В ответ бабушка начинает громко смеяться, хотя что веселого, неясно:
— Ты дура! Понимаешь? Свою красоту разменяла неизвестно на что!
— Ну а ты на что свою красоту разменяла? — усмехаюсь. Нет, надо отдать должное. Если верить старым фотографиям, бабушка была настоящей красоткой, получше меня. Только толку.
— На эту квартиру и разменяла! — хлопает ладонью по столу, так что подпрыгивает белая керамическая солонка, — Я выбрала себе не абы-дабы кого!
— Ага, и что ж он на тебе не женился?
— Потому что уже женат был!
— А ты говорила что была замужем, — вскидываю брови.
— Кто сказал что не была?
— Так что, мой дед двоеженцем оказался что ли?
— Нет конечно! У меня до него был жених, от него я забеременела, а он погиб. Мне пришлось аборт сделать, потому и поехала в Москву, потому что после такого как жить в деревне? — бабушка задумывается, после чего грозно добавляет, — Не те времена сейчас, ой не те.
— И слава богу, — невольно вздыхаю, доедая суп. В голове две мысли. Первая: значит бабушка добыла квартиру… Не будем обозначать как. И вторая мысль: а гадалка-то права выходит.
Глава 26. Диана
Глава 26. Диана
Что такое невезение? Это когда ты не просто воспитывался в однополой семье, состоящей из мамы и бабушки, но и уверенно продолжаешь традицию. А еще лучше — преумножаешь. Четыре поколения в одной «двушке»! Что может быть аутентичнее? Только коммуналка.

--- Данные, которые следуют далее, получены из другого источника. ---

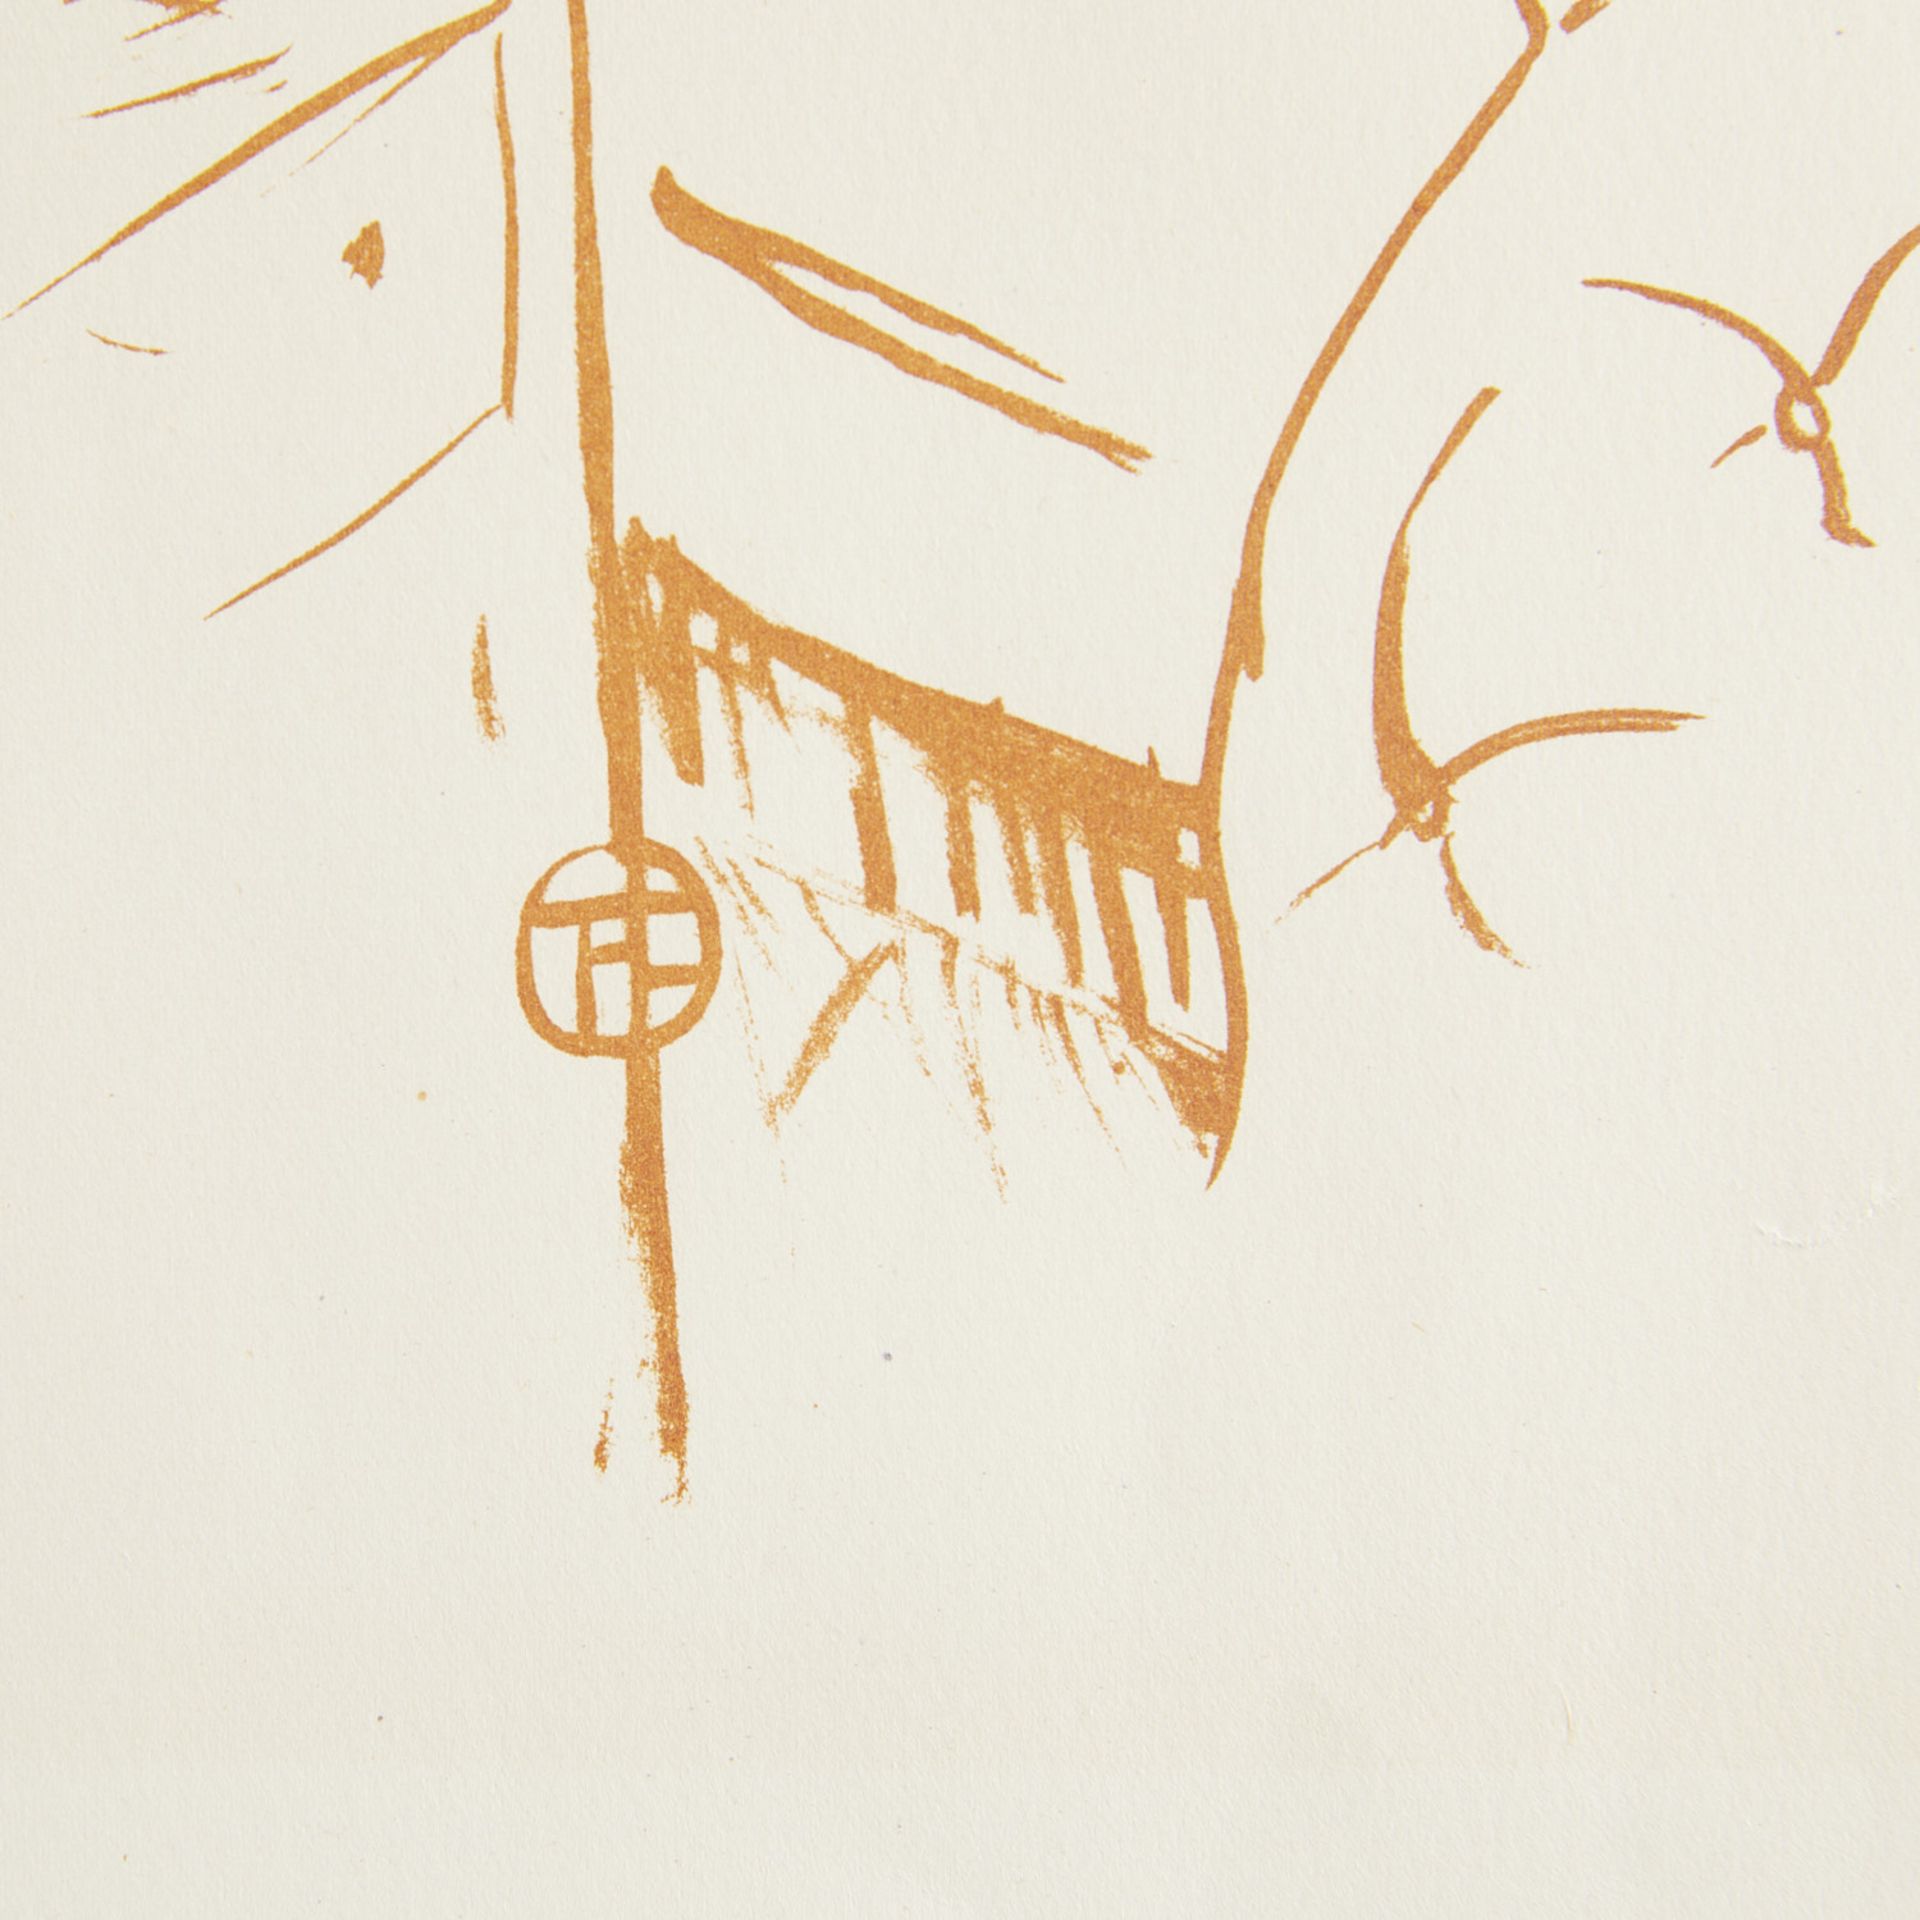 Toulouse Lautrec "Ta Bouche" Lithograph - Image 2 of 5
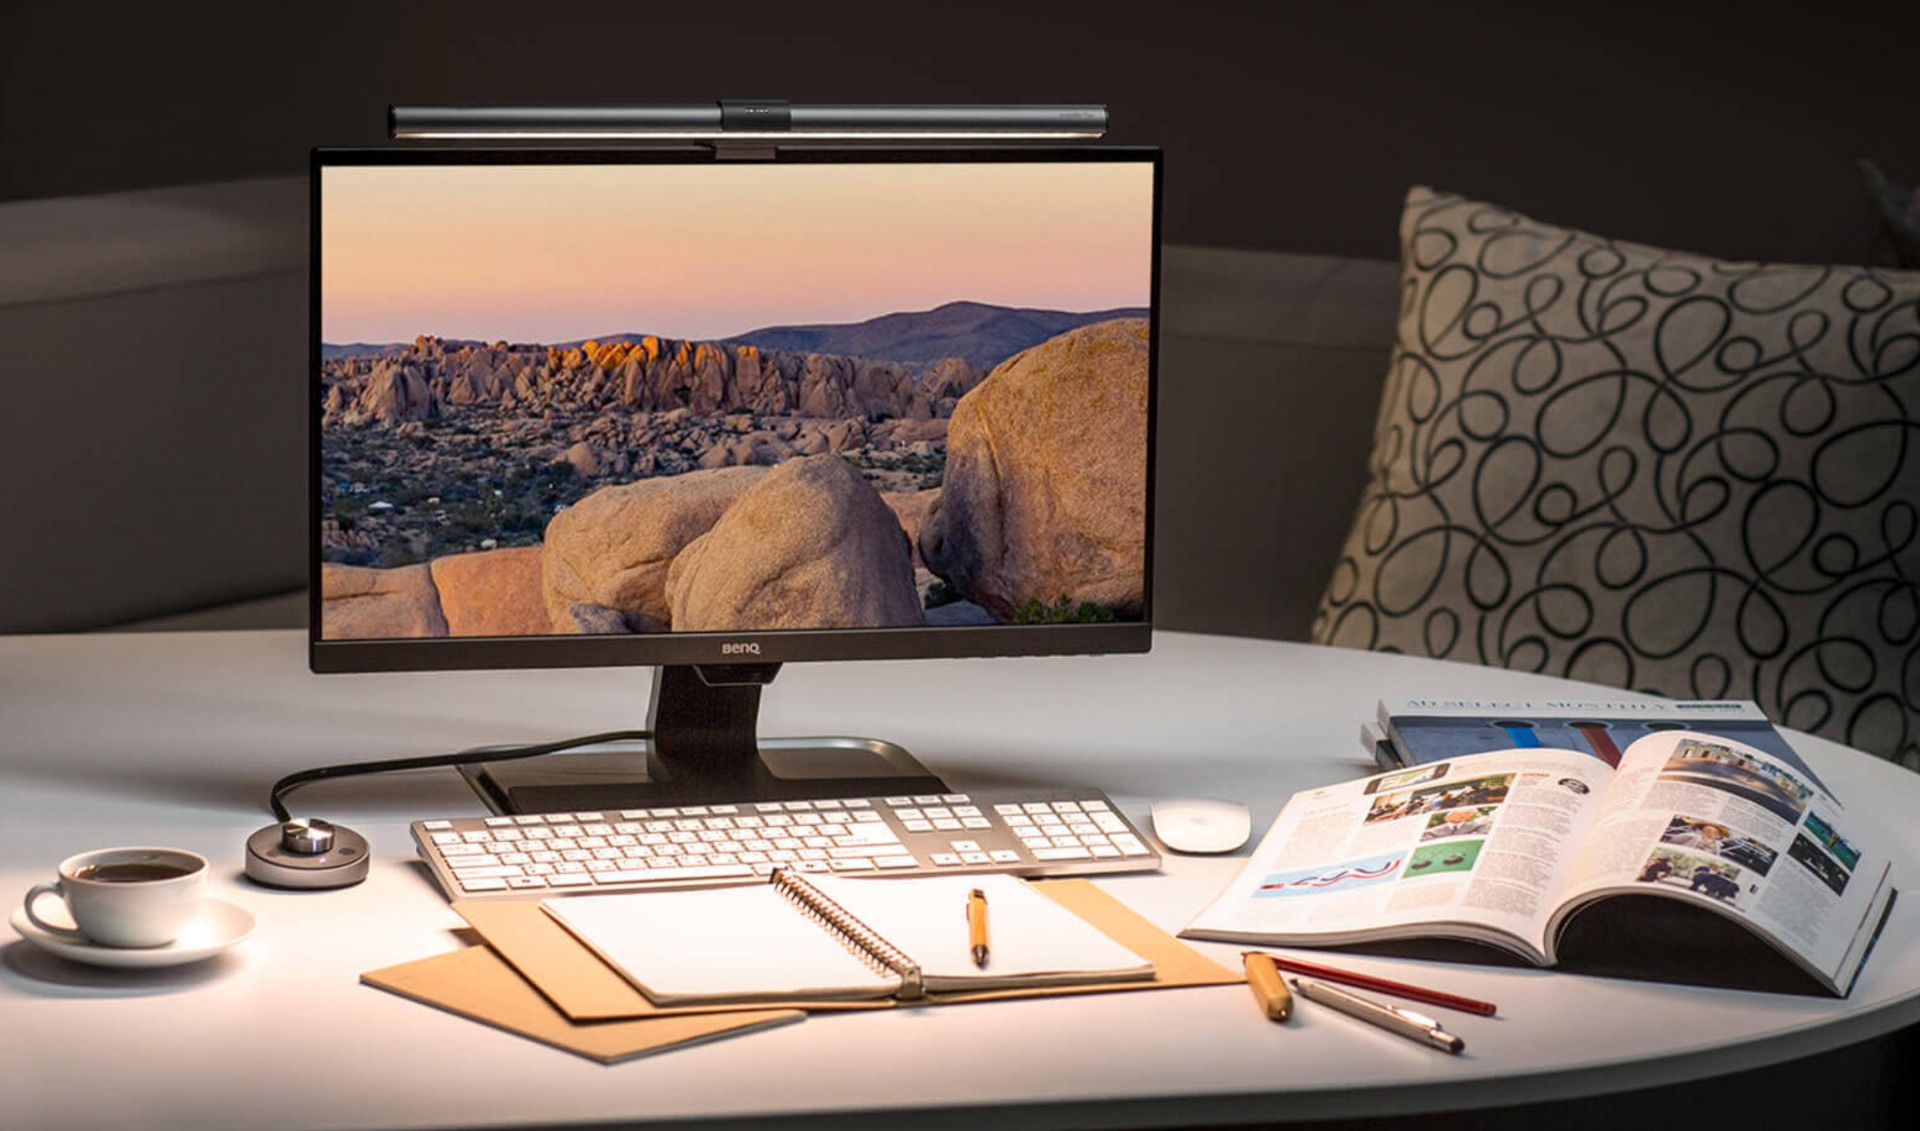 benq-screenbar-plus-monitor-lamp-with-desktop-control-dial-ambiance

Бабушка, оценив ситуацию, уезжает довольно быстро — продавать курей. А возвращается через четыре дня с котом и кучей котомок. Надо ли говорить что после вольной жизни на улице Барсик, он же Мурзик и он же «иди отсюда нахрен» мягко говоря недоволен?
Мама недовольна тоже, зато бабушке все окей. Выпустив из переноски обоссаного и орущего кота, она устало плюхается на стул в прихожей и торжественно произносит:
— Вымойте моего сыночка.
Это если мы его найдем ближайшие дня три конечно. Потому что исчезнув в маминой комнате, он тут же затихает, и, думаю, на этой неделе его не стоит трогать в принципе. Что ж, теперь жизнь у нас будет веселой. Хотя и до этого не сказать что мы сильно грустили.
Вопреки ожиданиям, жизнь с бабушкой оказывается не такой уж сложной. Во-первых, нет огорода. Во-вторых, зато у бабушки есть пенсия. В-третьих, бабушка ведет хозяйство так, что у меня возникает подозрение, что к зиме мы накопим на «мерседес». Ну а то что ходим строем — это незначительные мелочи. Ну и что кот периодически ссыт на ковер.
Кстати правильно делает, иначе его выкинуть еще лет двадцать не выйдет. В смысле ковер, а не кота. А кот еще и рыжий, а значит, к деньгам.
Я же нагуливаю вес и жирок. Медленно, но верно. А к маю у меня появляется… Все правильно, живот. И я вам скажу, это интересное ощущение. Так что сдать в июне экзамены, объявив на весь колледж о своем интересном положении, труда не составляет. Я же еще придумала историю как меня жених бросил. Надо было конечно придумать что умер, только на скорбящую вдову я не особо похожа. Поэтому я рассказываю почти правду. Да и будем честны, какой шанс что Игорь не сбежал бы на край света, узнав что ему грозит такое количество потомства?
Между тем меня не покидают мысли о том, что если чертова ведьма права, то я не выйду замуж ни с детьми, ни без. И ладно если бы мне об этом никто не напоминал, так нет же, бабушка каждый день бубнит мне на ухо, что я срочно должна найти кормильца. Как? Какой мужик со среднестатистической зарплатой захочет влезать в такое ярмо?
А я все-таки не настолько роковая женщина. Да и не того качества мои флюиды, чтобы мужик, один раз унюхав, захотел бы расстаться со своим кошельком навеки.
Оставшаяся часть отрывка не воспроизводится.